Light microscopy allows one to suspect apoptosis. Chromatin condensation in the cell nucleus that later becomes fragmented, is a typical sign of the apoptosis onset. Each fragment is surrounded by the cytoplasm, and the apoptotic body is formed that are ingested by macrophages. Electron microscopy, immunohistochemical methods, and the TUNEL apoptosis detection method are used to diagnose apoptosis. Programmed cell death was determined in the majority of chronic disorders and cases of toxic damage to the nervous system. Immunohistochemical studies of the human brain showed that cortical neurons responded positively to the p53 tumor suppressor controlling the state of DNA in the cell and triggering the cell death (apoptosis) program in case of DNA damage and impossibility of repair (fig. 5, fig. 6).

Necrosis of cells, particularly neurons, can go in two ways: through cytolysis and cytorhexis.

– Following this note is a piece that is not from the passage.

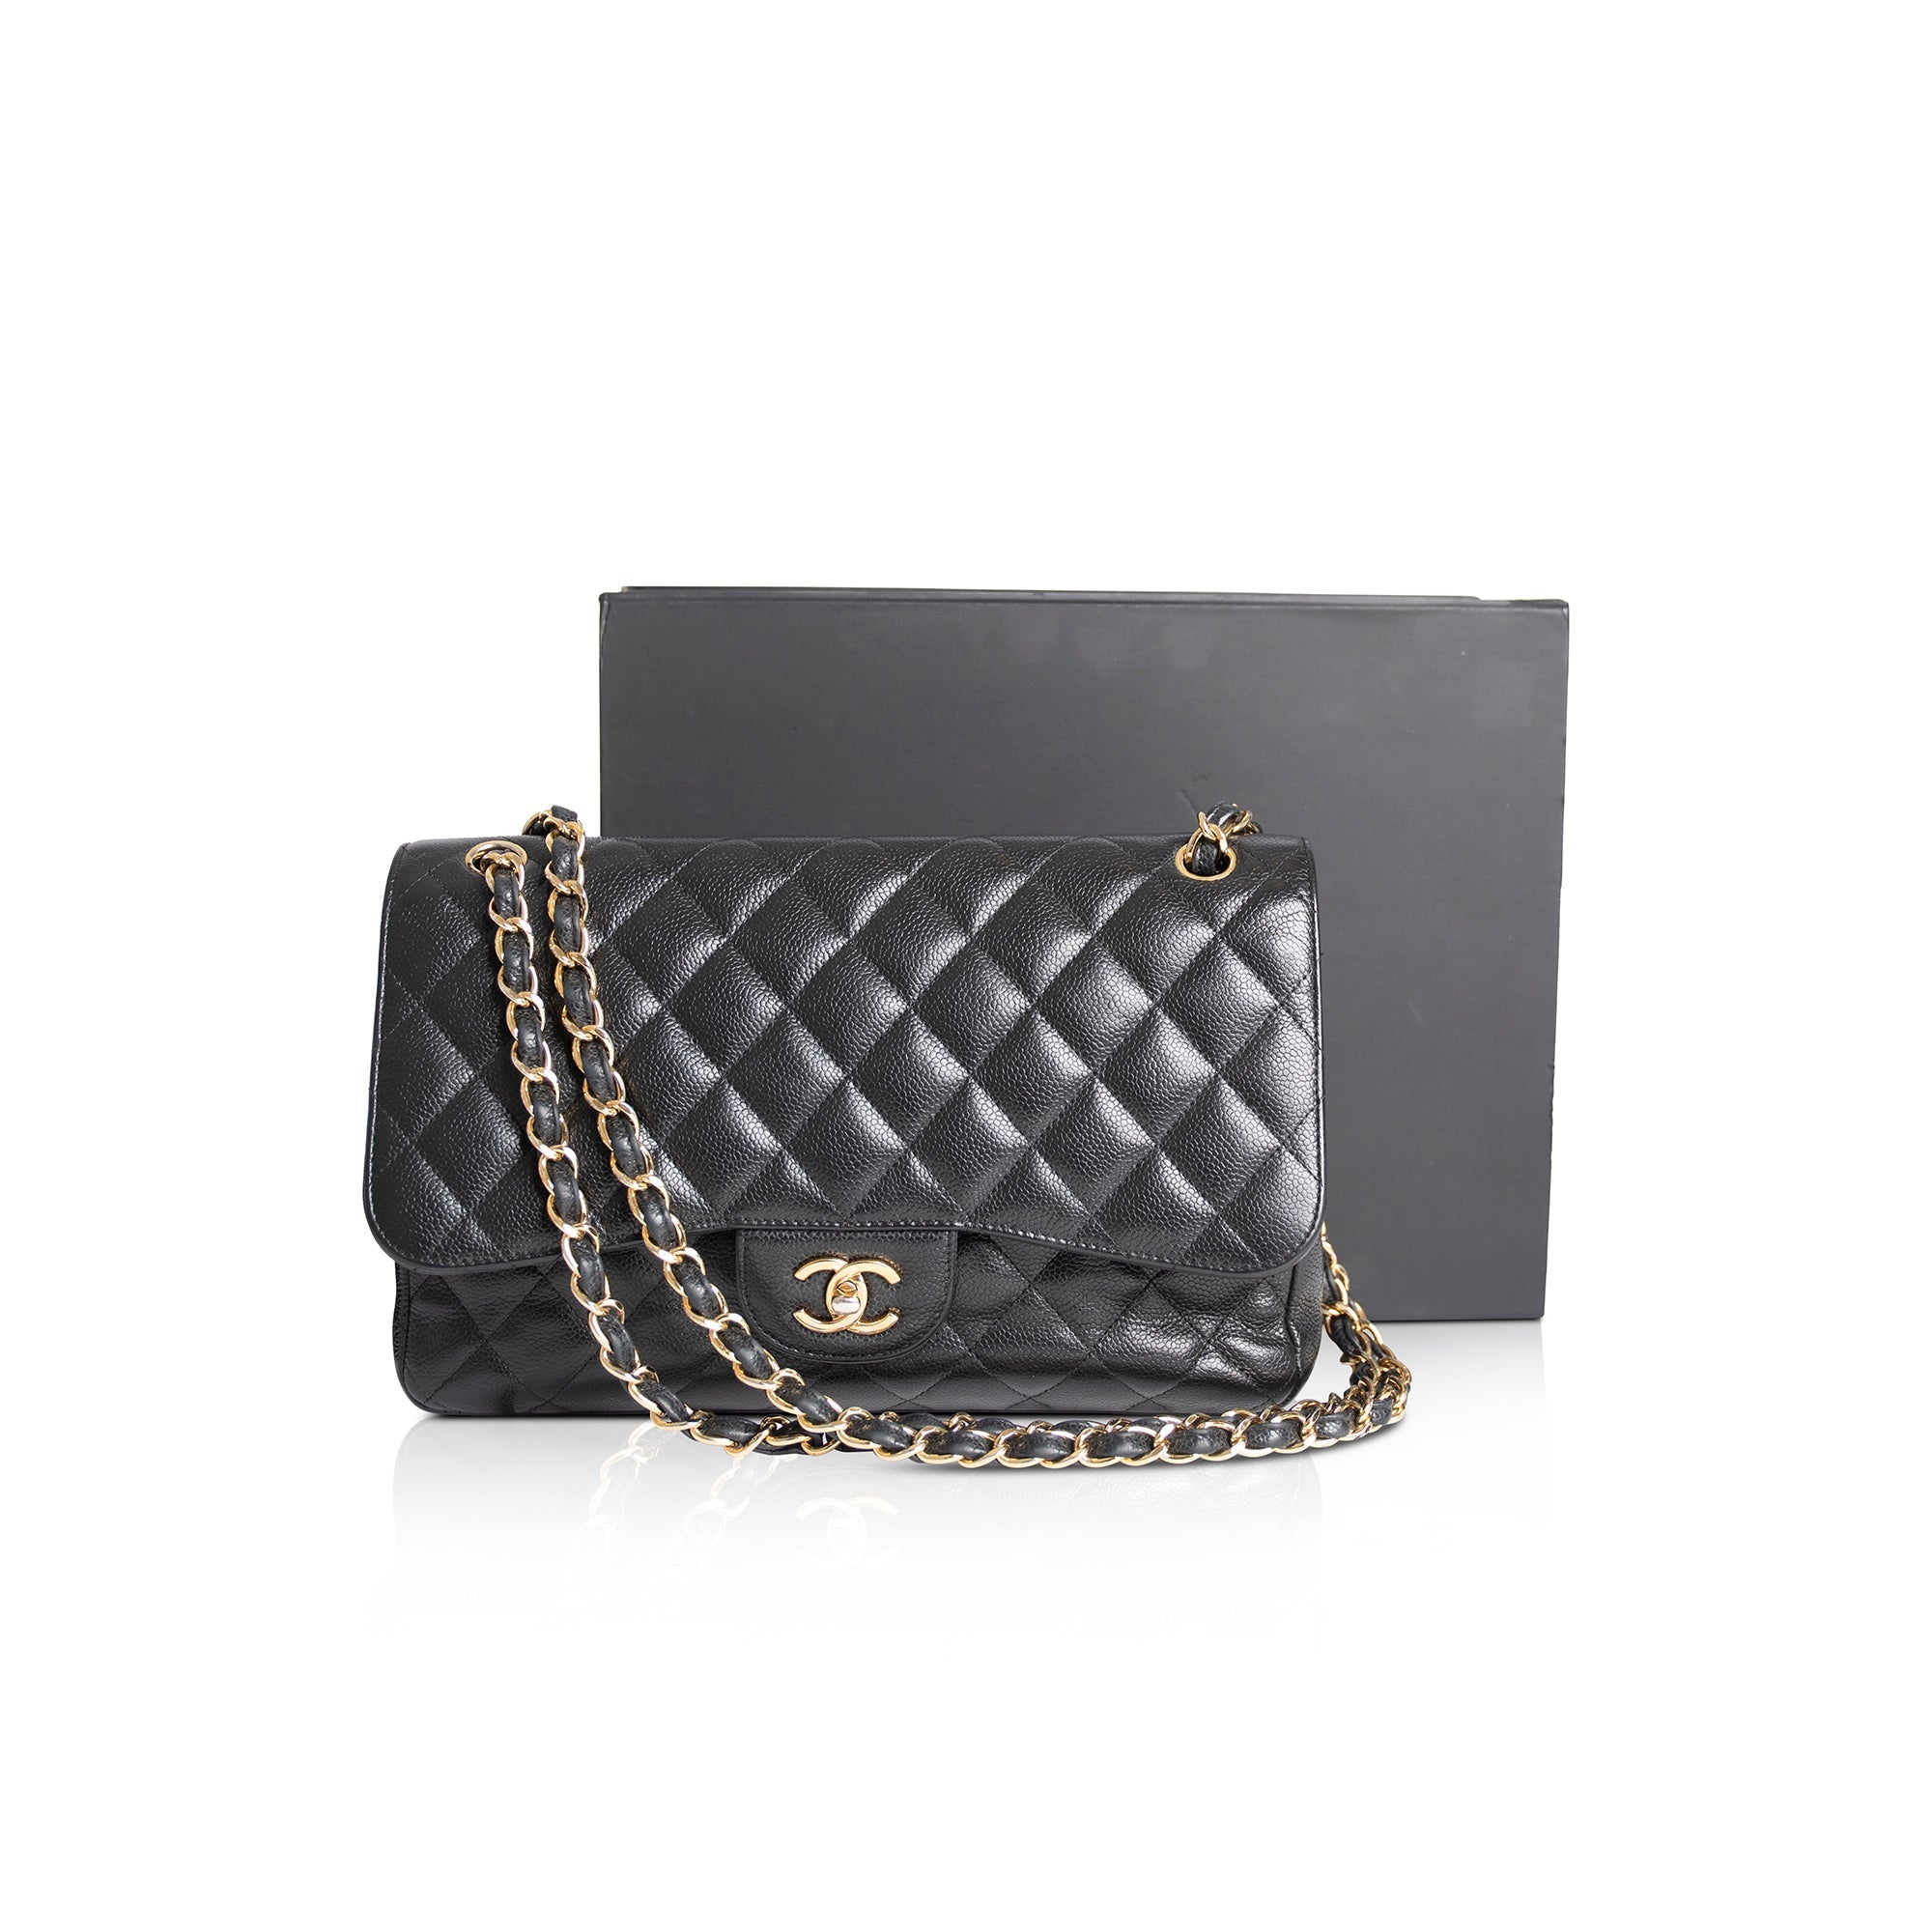 Chanel // Black Quilted Caviar Leather 19S Jumbo Shoulder Bag
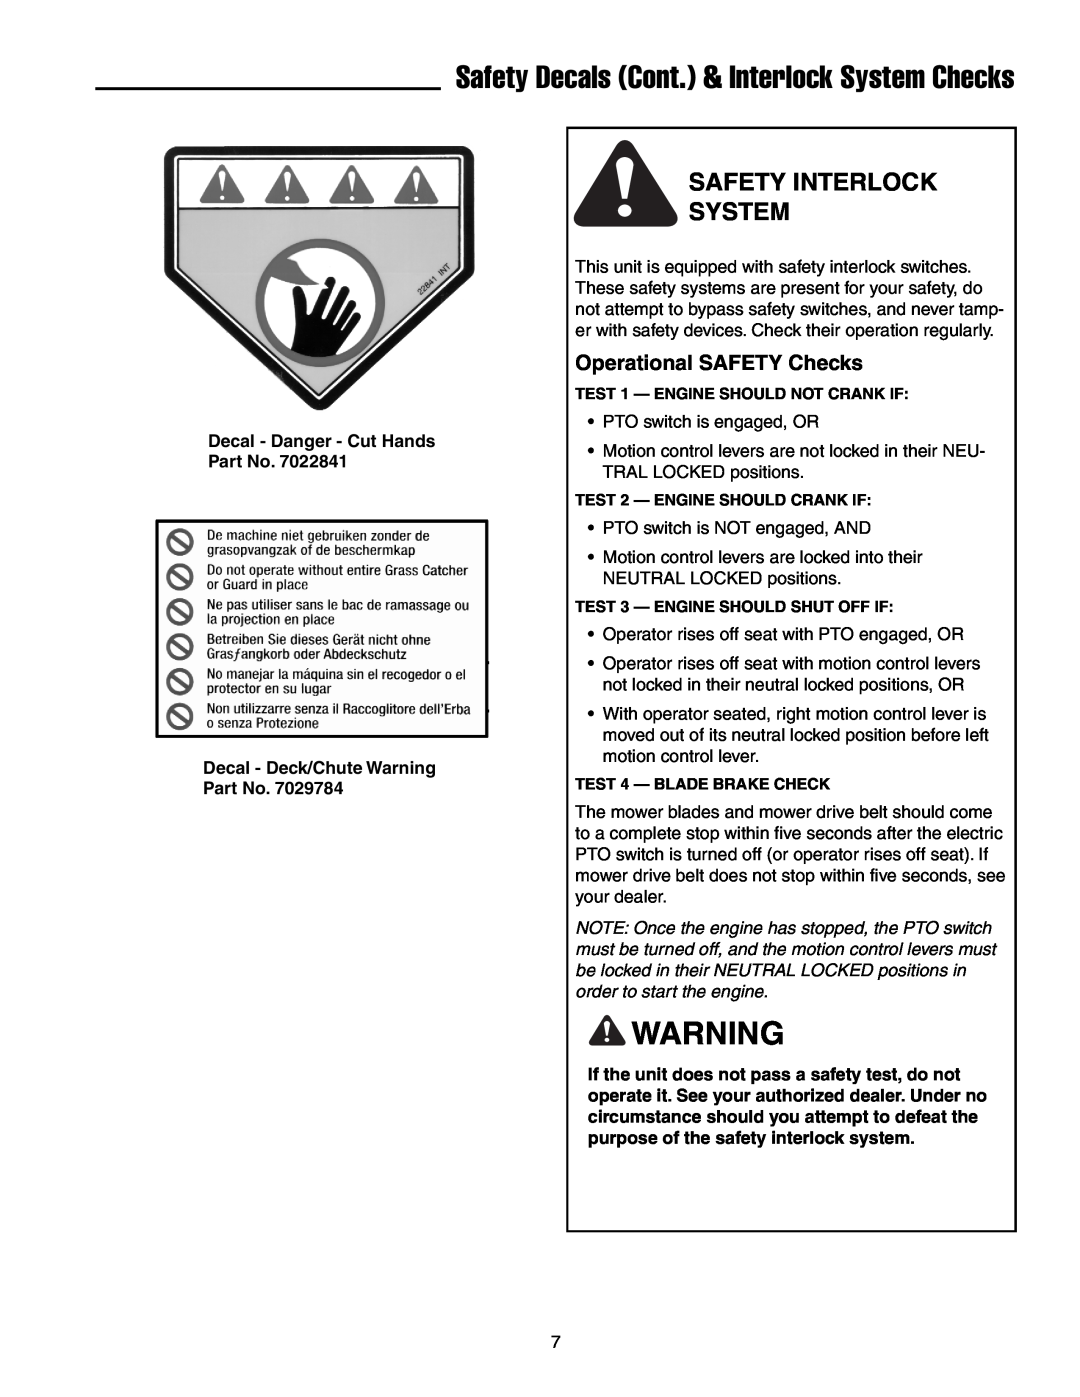 Simplicity 250 Z manual Safety Decals Cont. & Interlock System Checks, Safety Interlock System

For the neuron, cytolysis is a continuation of acute swelling, when it proceeds to the irreversible stage of the shadow cell, while cytorhexis is developed after shriveling of neurons with subsequent fragmentation of the nucleus.

Direct (traumatic and toxic damage) and indirect necrosis most often associated with circulation disorders represent the clinical and morphological forms of the brain necrosis. Small foci of necrosis that are often elective, where only some components of the tissue are damaged, while other components are preserved (fig. 7, fig. 8), are most typical for toxic brain tissue damage. Such foci show up as neuropil rarefaction and gliopenia [11].

CONCLUSION

Thus, common disease mechanisms, such as neuroinflammation, atrophy and dystrophy, damage to neurons and glial component that can result in the death of cells occurring in different ways, including apoptosis and necrosis, underlie toxic damage to the brain, regardless of the cause (toxic or medicinal substances, bacteria, protozoa or viruses, endogenous toxicants, drugs, alcohol, traumatic brain injury, etc.).

The changes in cell morphology can be both reversible and irreversible; these can to varying degrees and in different ways manifest themselves in the brain regions. Today, such changes are poorly understood due to non-specific nature, despite the fact that these data are essential for selection of optimal treatment and reduction of dangerous sequelae of the number of medical procedures.